The three sentences mark the latest developments in the long-running legal case involving 1 Global. In August 2018, the Securities and Exchange Commission charged the company and former CEO Carl Ruderman with defrauding at least 3,600 investors by raising more than $320 million in illegal, unregistered securities between 2014 and July 2018.

Ledbetter acted “in a fundraising capacity” for 1 Global beginning around 2015, while Atlas served as an outside counsel for the company, the DOJ claimed.

“(Ledbetter and Atlas) acted as outside counsel for 1 Global and knew that if 1 Global’s investment offering were determined to be a security, it would undermine the ability of 1 Global to raise funds from retail investors and continue to operate without substantial additional expenses and reporting requirements,” the original complaint against Ledbetter from September 2020 read.

Therefore, Atlas was instructed to write opinion letters with false information, with the understanding they’d be used to conduct the business illegally.

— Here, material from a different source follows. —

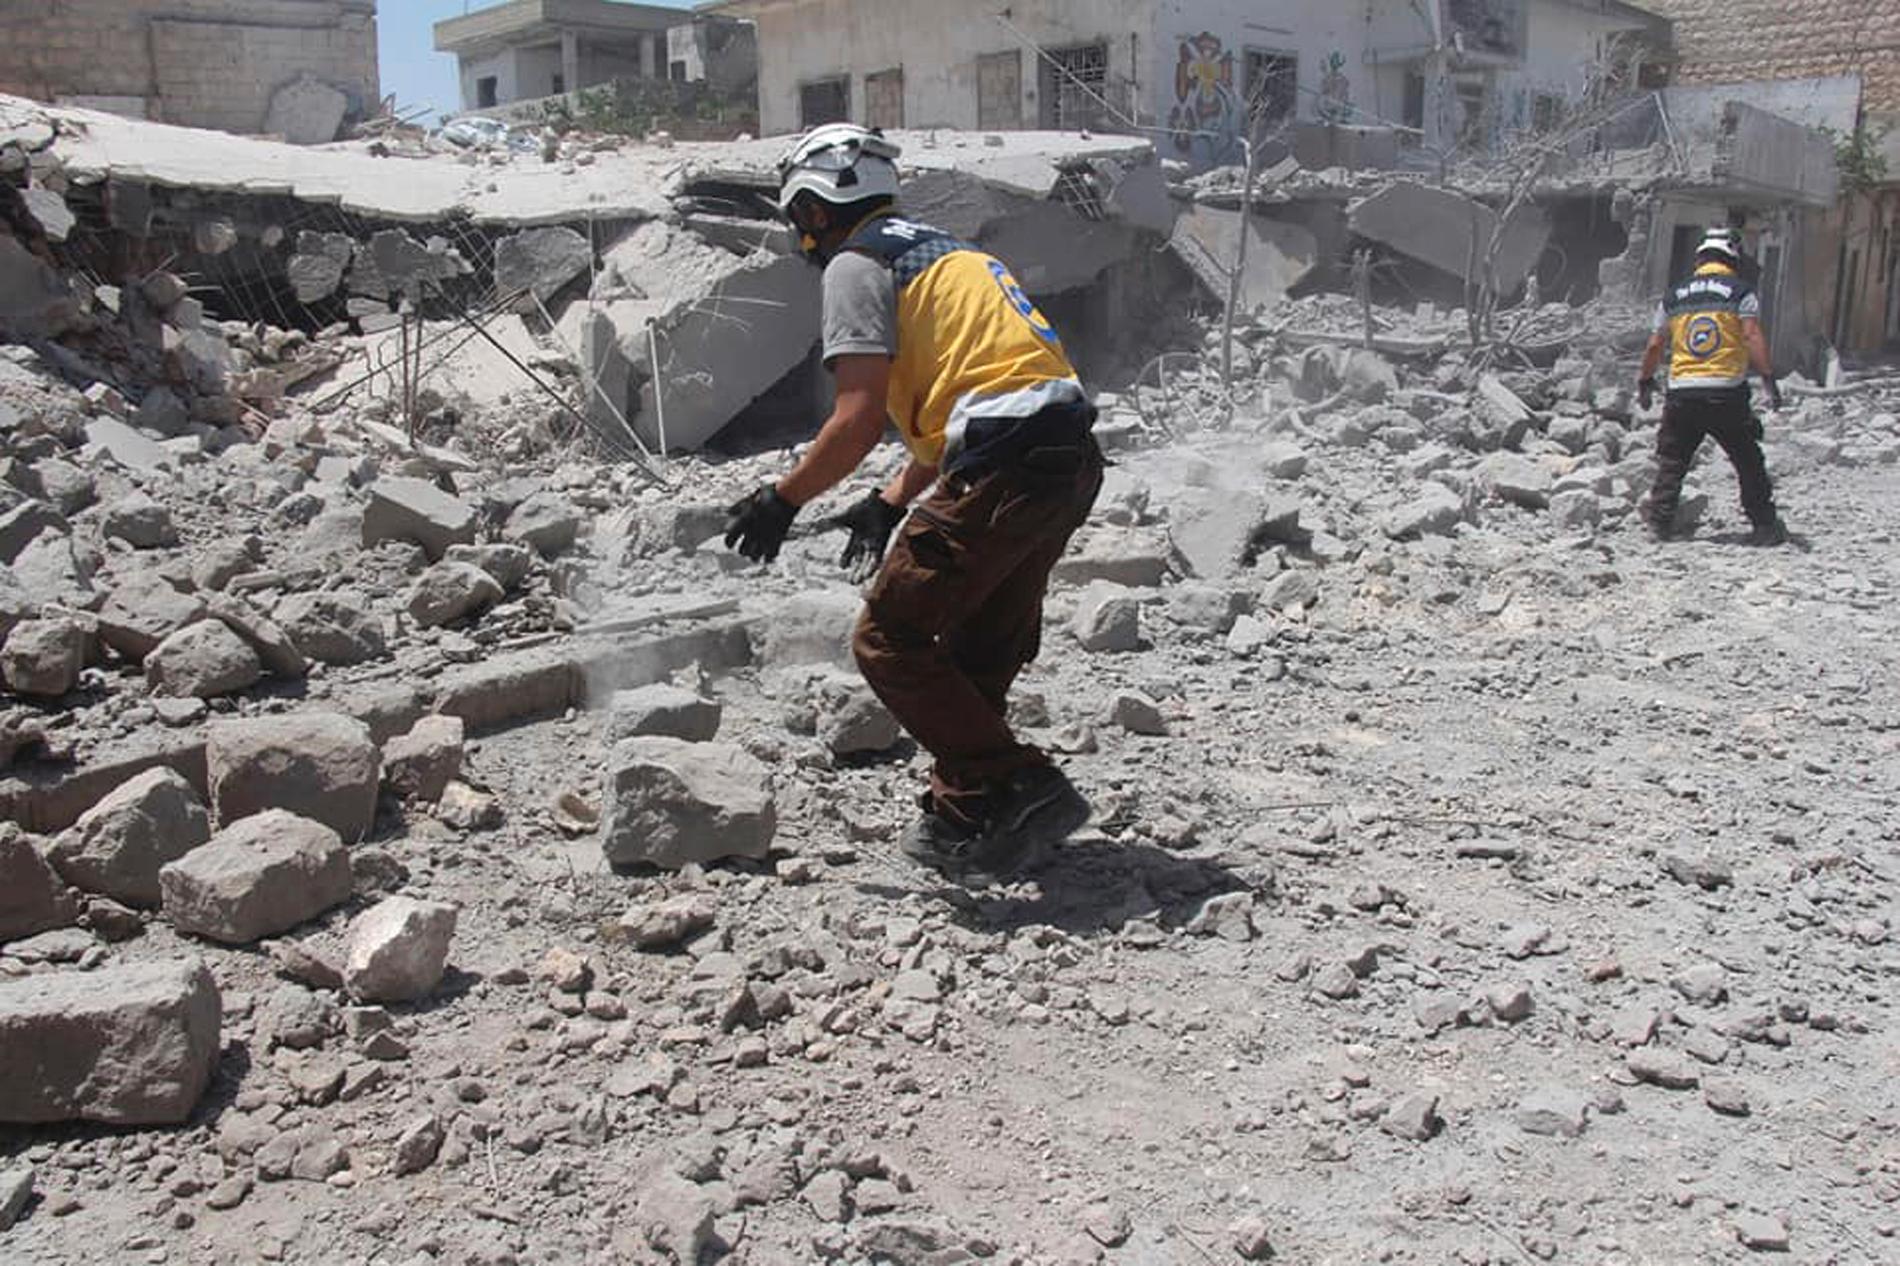 En bild tagen av civilförsvaret Vita hjälmarna, och vars äkthet har verifierats av nyhetsbyrån AP, visar räddningsarbetare i rasmassor efter ett flyganfall i södra Idlibprovinsen den 1 juni.

In these opinion letters, Atlas wrote that 1 Global’s notes were likely not securities, according to SEC complaints filed against Atlas and Ledbetter in 2020. Ledbetter then used these opinion letters to continue raising money in pitches to investment advisors and investors, according to the DOJ.

Ledbetter personally raised more than $100 million via his own pitches and by enticing investment advisors to join 1 Global, and received about $3 million during the course of the scheme, most of which came as commissions (Atlas received about $627,000 from Ledbetter’s commissions). Though both Ledbetter and Atlas worked for the same law firm, neither of them disclosed the commissions they pocketed to that firm.

Both the SEC and the Justice Department have previously pursued cases against individuals involved in the 1 Global Capital scheme. In January 2020, Alan Heide, the company’s former chief financial officer, was sentenced to five years in prison and ordered to pay restitution totaling more than $57 million. Earlier this year, the SEC charged four individuals (including a father and son) for acting as unregistered brokers and illegally selling at least $24 million in unregistered securities on behalf of 1 Global. The commission had previously charged a Tennessee-based unregistered broker and his firm for pocketing more than $3.5 million in commissions after allegedly selling fraudulent securities to more than 630 investors.